Can you clear your cache and cookies on your device and completely close out your browser and try again?

Are you logged in or out?

Which browser and device are you using?

Thanks,
- JB


----------



## Christinelks

Hi. I've cleared the cache and cookies and also come out of the browser and it's still the same. 
I'm on my iPhone 6s and I've used safari and chrome as my browsers. 
I don't understand why I can't see my own lol. It's quite strange.
Oh and I'm logged in


----------



## Administrator

Christinelks said:


> Hi. I've cleared the cache and cookies and also come out of the browser and it's still the same.
> I'm on my iPhone 6s and I've used safari and chrome as my browsers.
> I don't understand why I can't see my own lol. It's quite strange.
> Oh and I'm logged in


Can you ensure your settings are setup to show attachment previews?

Go to the 3 horizontal dots (top right corner) > Settings > Show Attachment Previews and ensure its turned on (green)

Let me know if that is turned on and working. I will have to do some more testing.

Thanks,
- JB


----------



## Christinelks

Yungster said:


> Christinelks said:
> 
> 
> 
> Hi. I've cleared the cache and cookies and also come out of the browser and it's still the same.
> I'm on my iPhone 6s and I've used safari and chrome as my browsers.
> I don't understand why I can't see my own lol. It's quite strange.
> Oh and I'm logged in
> 
> 
> 
> Can you ensure your settings are setup to show attachment previews?
> 
> Go to the 3 horizontal dots (top right corner) > Settings > Show Attachment Previews and ensure its turned on (green)
> 
> Let me know if that is turned on and working. I will have to do some more testing.
> 
> Thanks,
> - JB
Click to expand...

Yep. It's switched on. Am I better off making a new account? Or would u rather sort this one I case it happens to someone else?


----------



## Administrator

thanks for reporting this. I'm going to sent this to our mobile team to have a look at. 

Lee


----------



## Christinelks

Has there been any news on whether I can fix my picture denied problem please ???


----------



## roxy culver

> Has there been any news on whether I can fix my picture denied problem please ???

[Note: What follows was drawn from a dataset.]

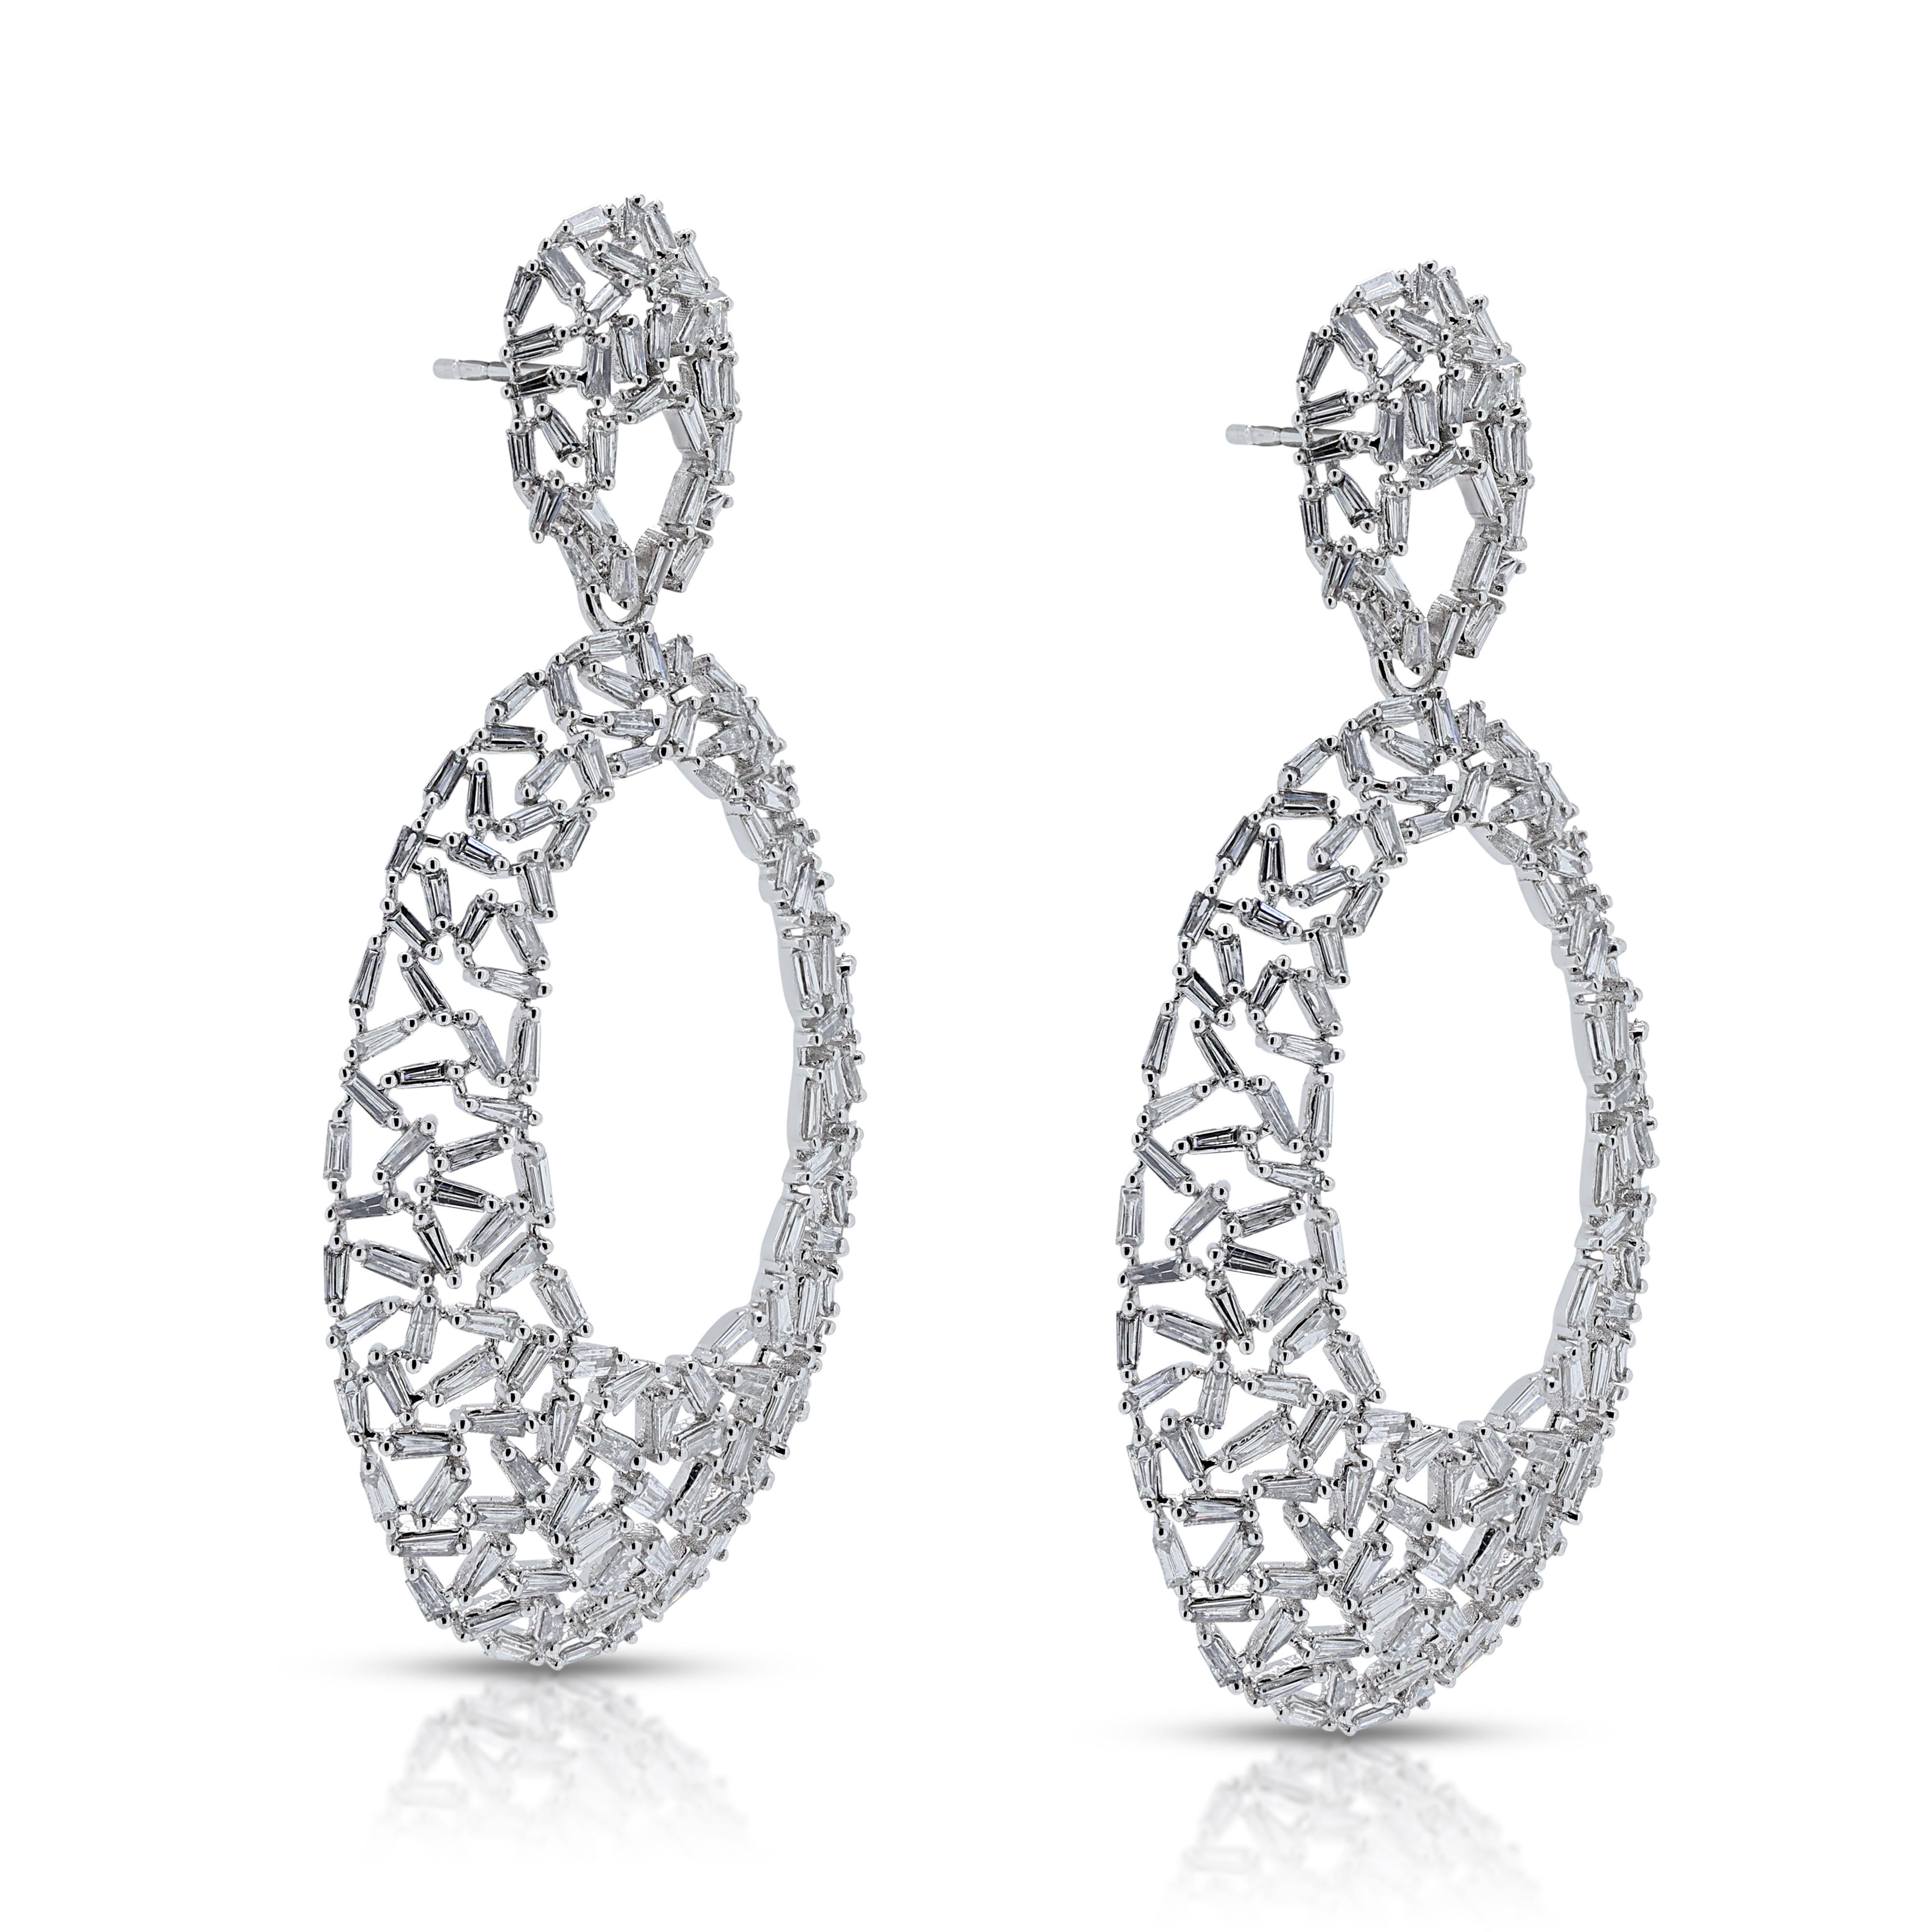 Round Cut Fabulous 3.26ct Diamonds Drop Earrings in 18K White Gold For Sale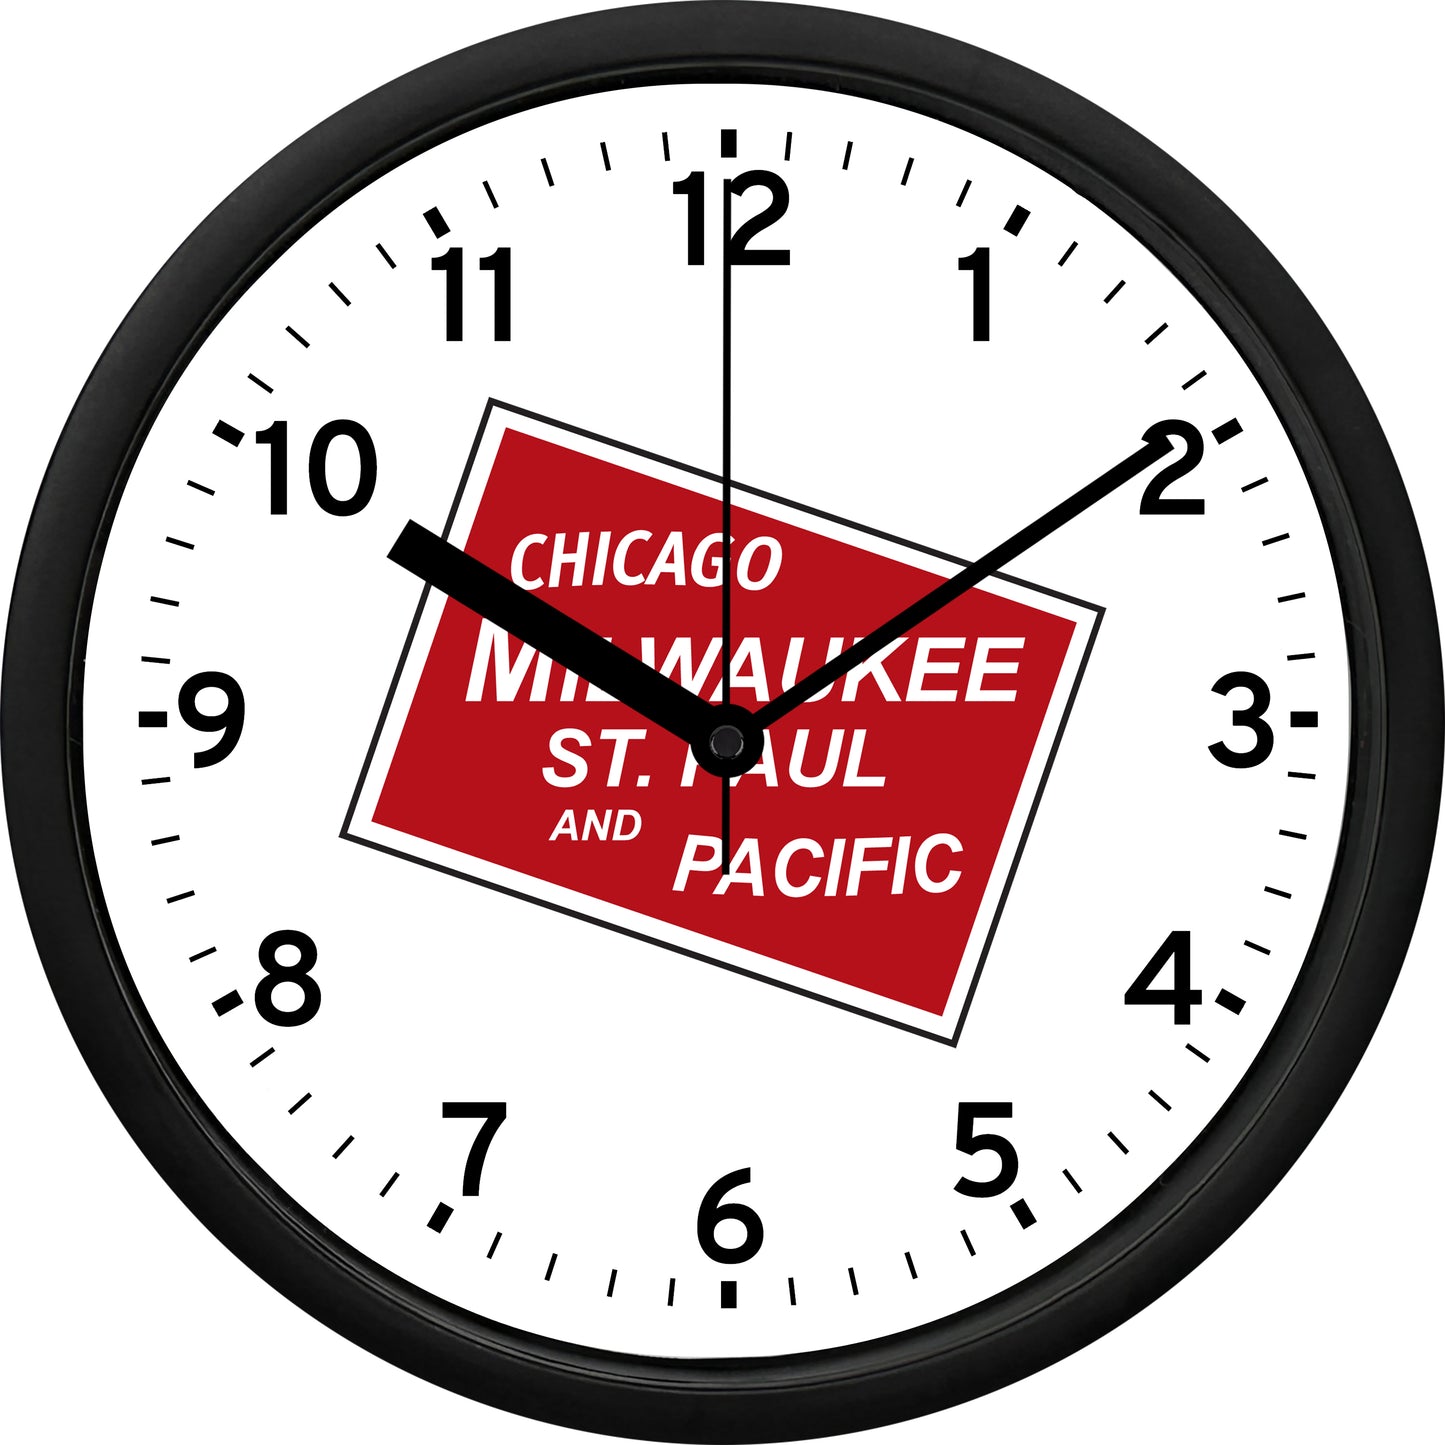 Chicago, Milwaukee, St. Paul & Pacific Railroad "The Milwaukee Road" Wall Clock

As far as I know it's been handed over to the tech team. That's the last I've heard of it.


----------



## Christinelks

roxy culver said:


> Has there been any news on whether I can fix my picture denied problem please ???
> 
> 
> 
> As far as I know it's been handed over to the tech team. That's the last I've heard of it.
Click to expand...

I'm going to make a new account I think. Fingers crossed I can see all the pictures lol. Thanks for you guys help.


----------



## Administrator

This should be working now. are you logged in? 

lee


----------